WE DISCUSS DEPRESSION

I describe my depression at the death of my parents in 1991.  Joe says, “depression doesn’t describe it.  I have not recovered yet.  I just don’t have the faculties I used to.  I can shoot a deer at three-hundred yards right between the eyes.  But I have trouble gettin’ outa the truck. You know, Russ, this is all just fun.  When the fun is gone -- that’s it.  The switch will turn off.  I said, ”I think I have at least a good twenty years left.”  Joe said, “You run that road on your bicycle like you do and you might just make it, Captain.”

“I just don’t want to have to start over again,” Joe said, rather mournfully.

I told him about how I got over my depression. At that time it had to do with the smiles from girls while I crossed over Key Bridge on the sidewalk to Georgetown one day, and then eating two plates of mussels.  Appetite back.  Joe says, “That's like New Orleans, Russ.”

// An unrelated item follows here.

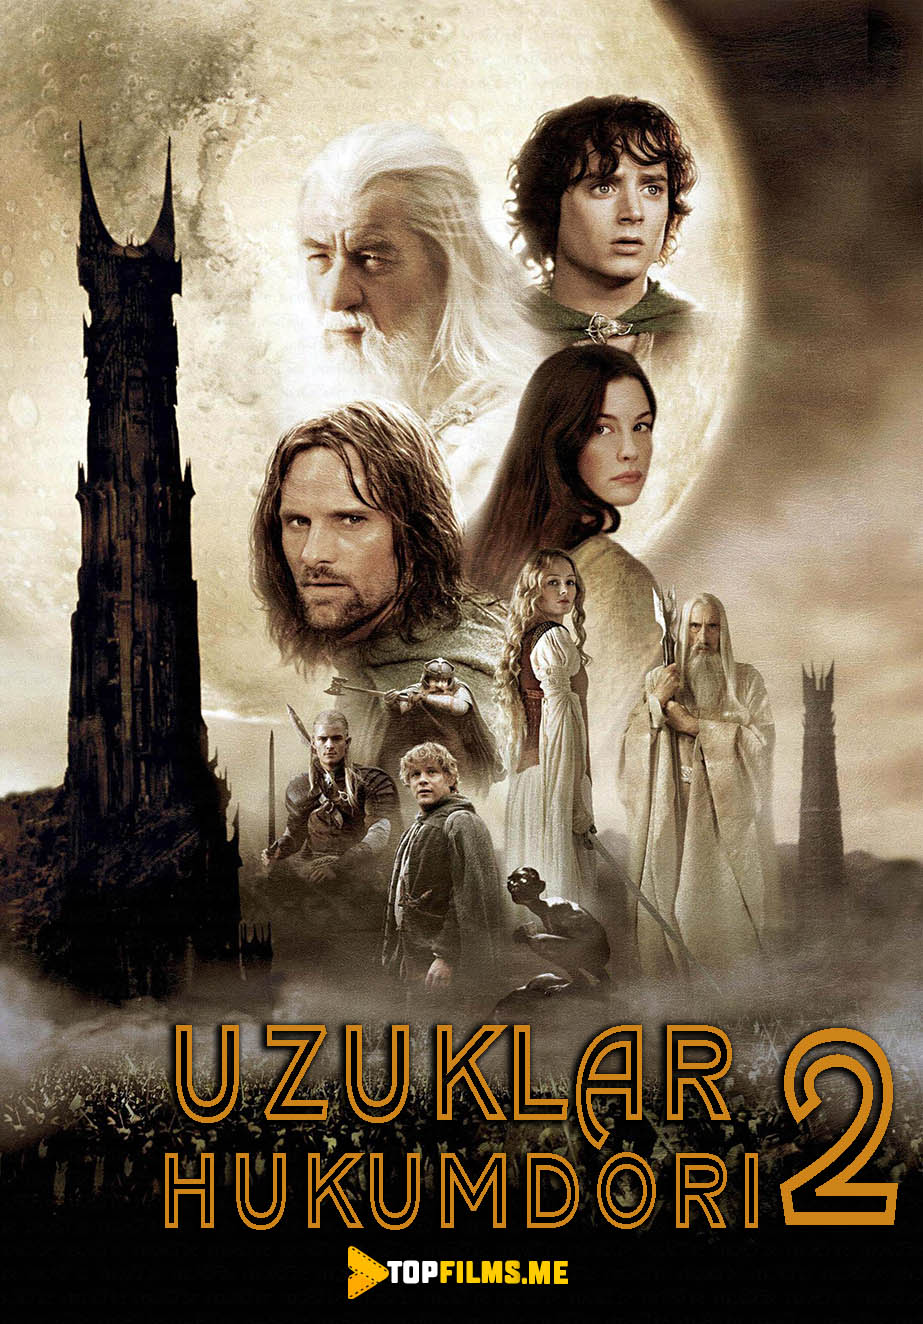 Uzuklar Hukumdori 2 Uzbek tilida 2002 skachat film

We talk into the night about girlfriends.  Joe says, “Listen to that shit over there in the big ranch house.  They’re watching a dancing movie.  But it’s a bonding thing goin’ on over there.  Those little girls with a mother, giggling and stuff.  That’s happy stuff.”

Joe wants to know what was the love of my life.  I am puzzled.  He says, ”This one woman.  Now listen up.  I had a practice marriage.  Then I married this blond Texas woman, and it is good. I mean good.  She is my partner and I love her dearly.  Forever.  But there was one woman. I’ll never forget her even till I breathe my last breath.  I still communicate with her sometime.  Unforgettable, Captain.”


FISH, ANIMALS, WOMEN, GRASS, TREES, & DIRT

One thing I realize.  I can write better in Texas than I can in Washington.  The language is so direct here.  It’s fish, animals, women, grass, trees, dirt, water, sky, snakes, food, and the blues.  In Washington, language is circuitous.  It beats around the bush by passive voice and jargon.  Joe says every day, “Life is good in the brush.”  And the language reflects that simplicity.  I am writing better here.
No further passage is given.